Data records Start Marker

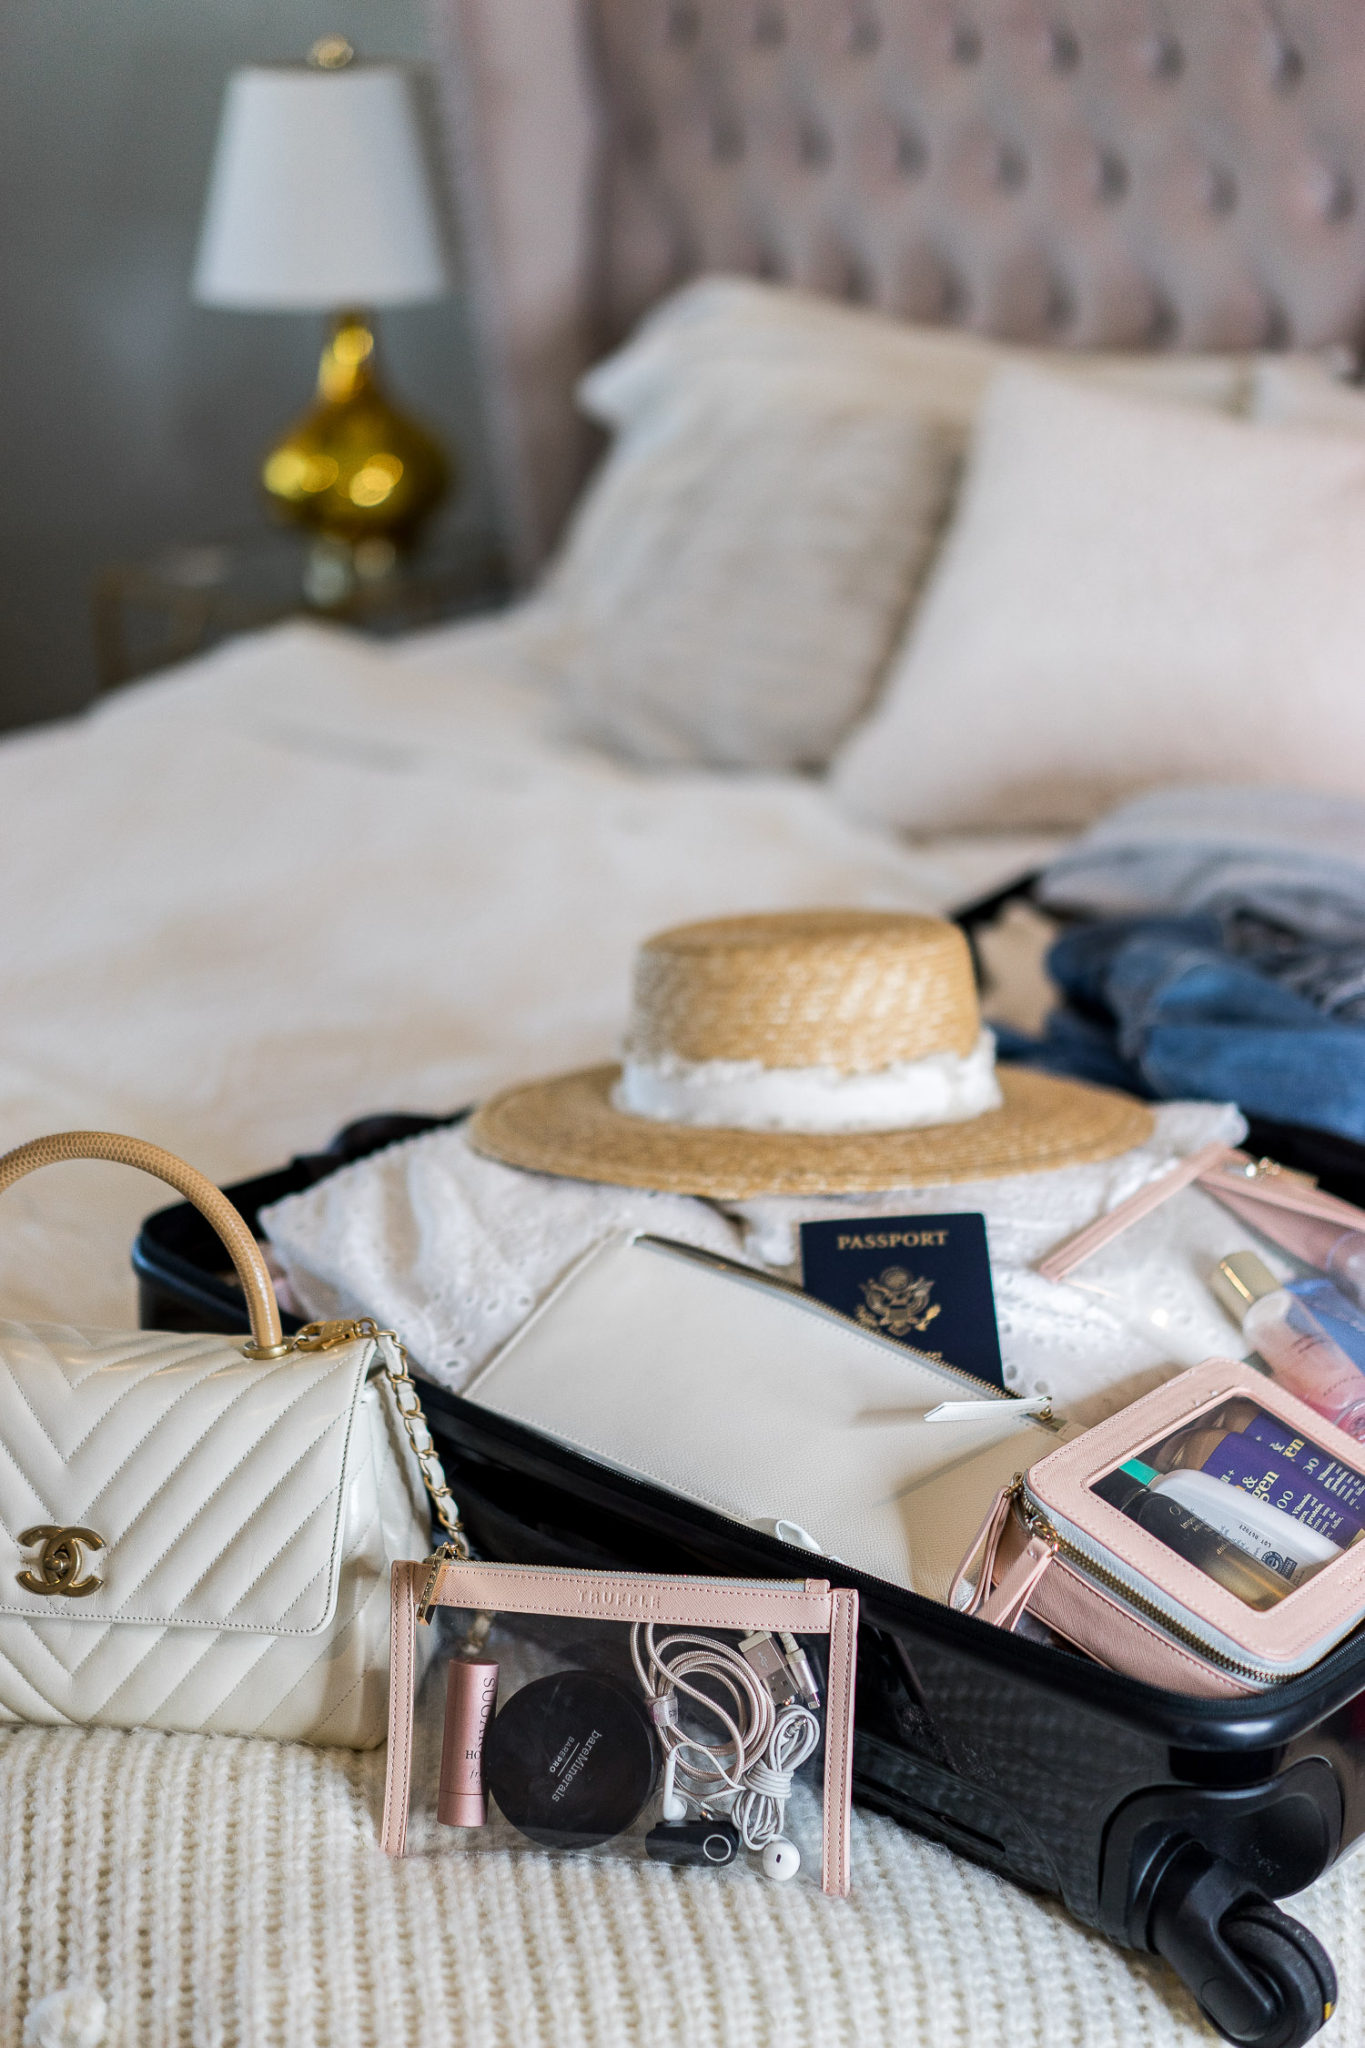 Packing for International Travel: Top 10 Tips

Data records End Marker
Data records Start Marker

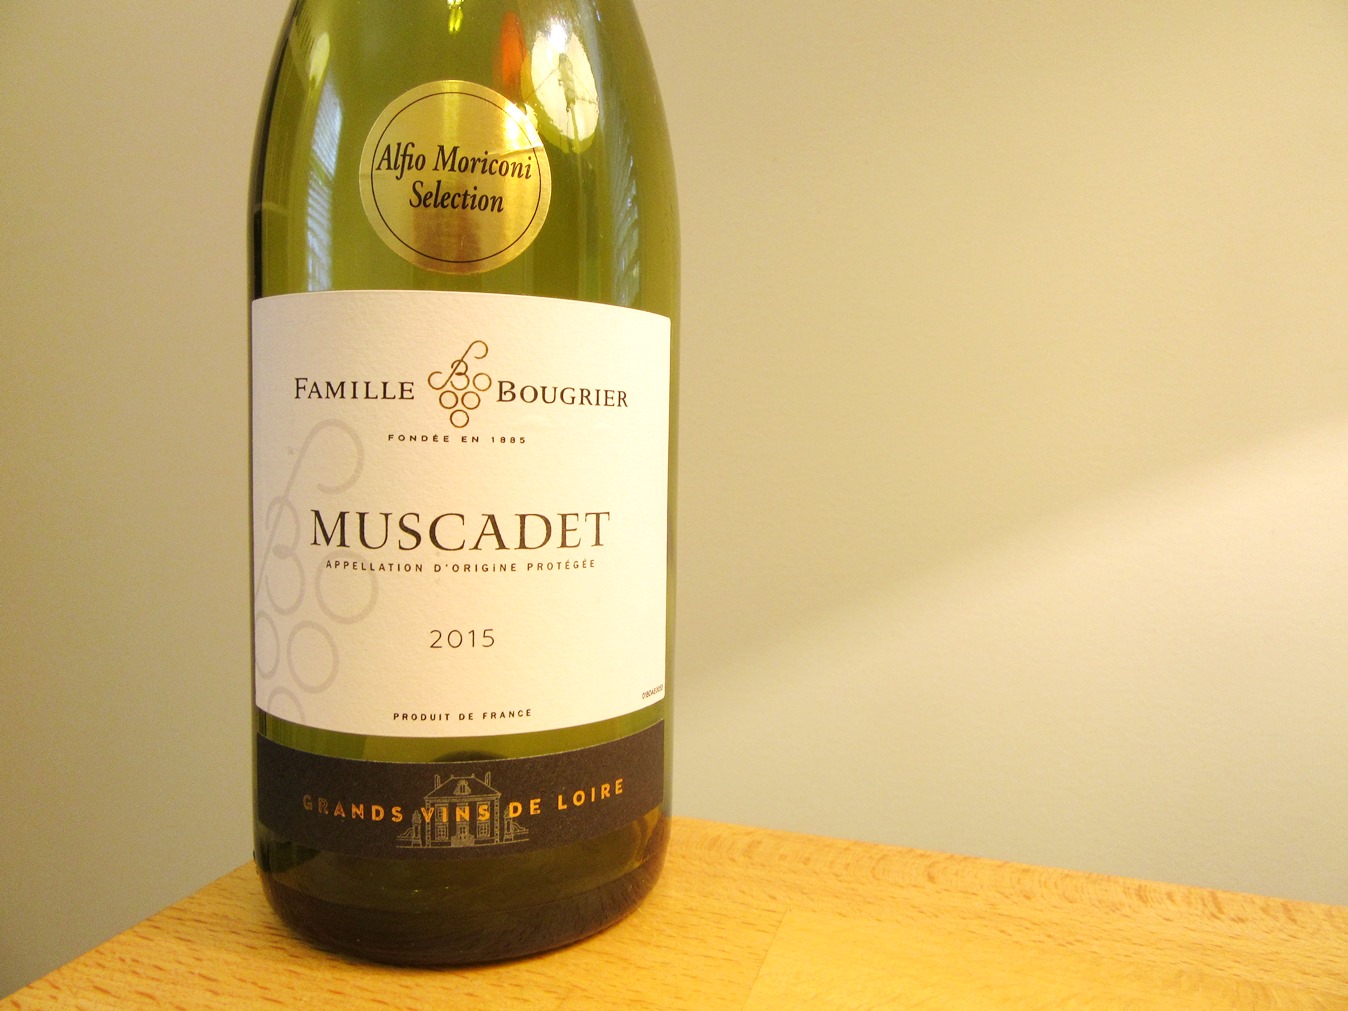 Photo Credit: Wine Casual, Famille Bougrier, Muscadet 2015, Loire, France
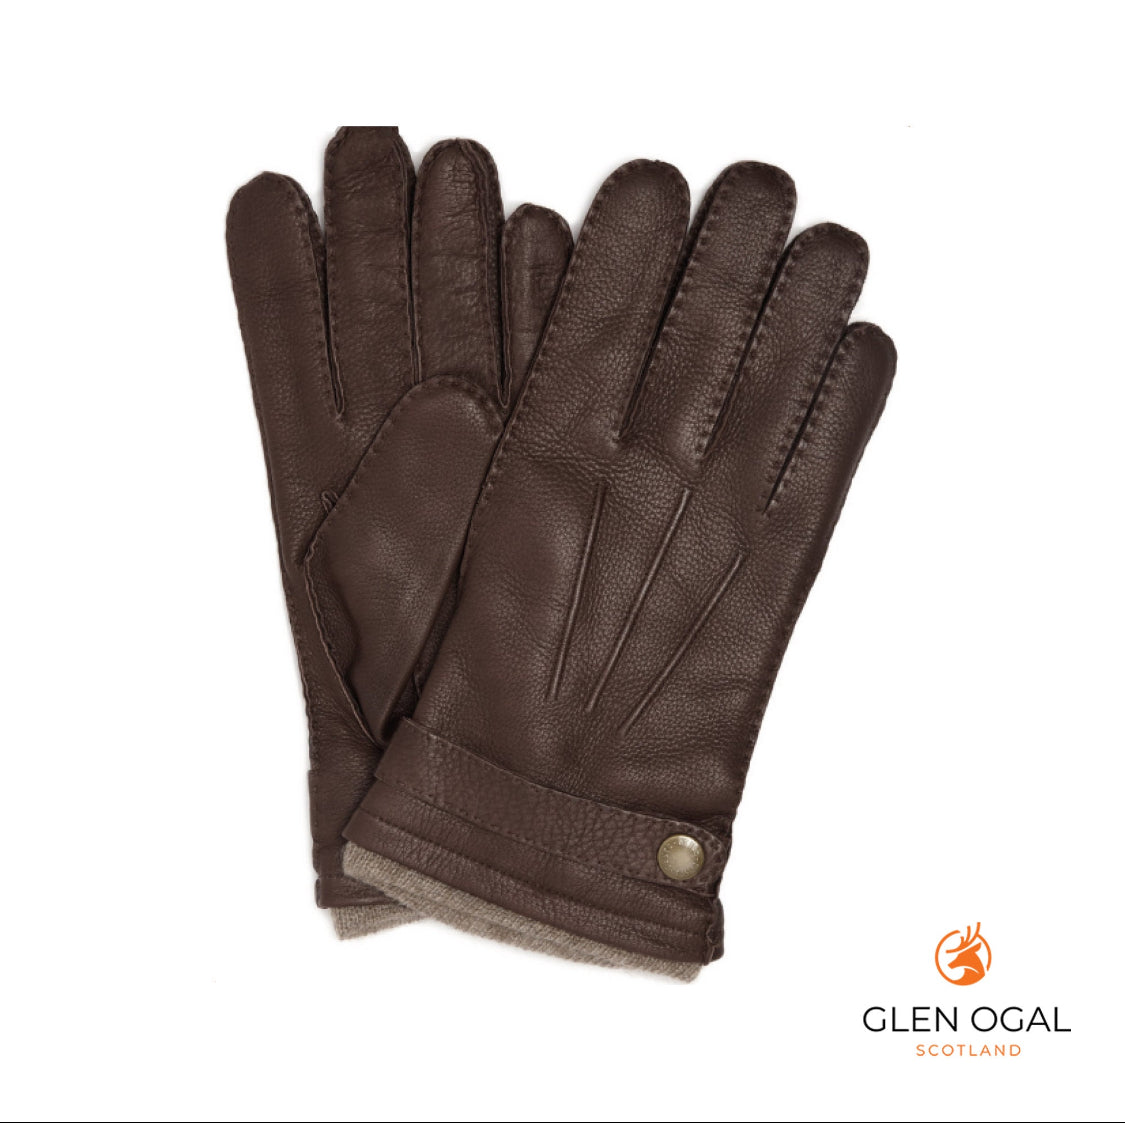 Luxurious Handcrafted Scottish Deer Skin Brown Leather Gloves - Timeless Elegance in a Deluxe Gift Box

Data records End Marker

> [Work item] Repeat exactly, and only, the entries from the line with "Photo Credit: Wine" through the line with "Luxurious Handcrafted Scottish". Pictures are skipped.

> [Finished exercise]
 Photo Credit: Wine Casual, Famille Bougrier, Muscadet 2015, Loire, France
 Luxurious Handcrafted Scottish Deer Skin Brown Leather Gloves - Timeless Elegance in a Deluxe Gift Box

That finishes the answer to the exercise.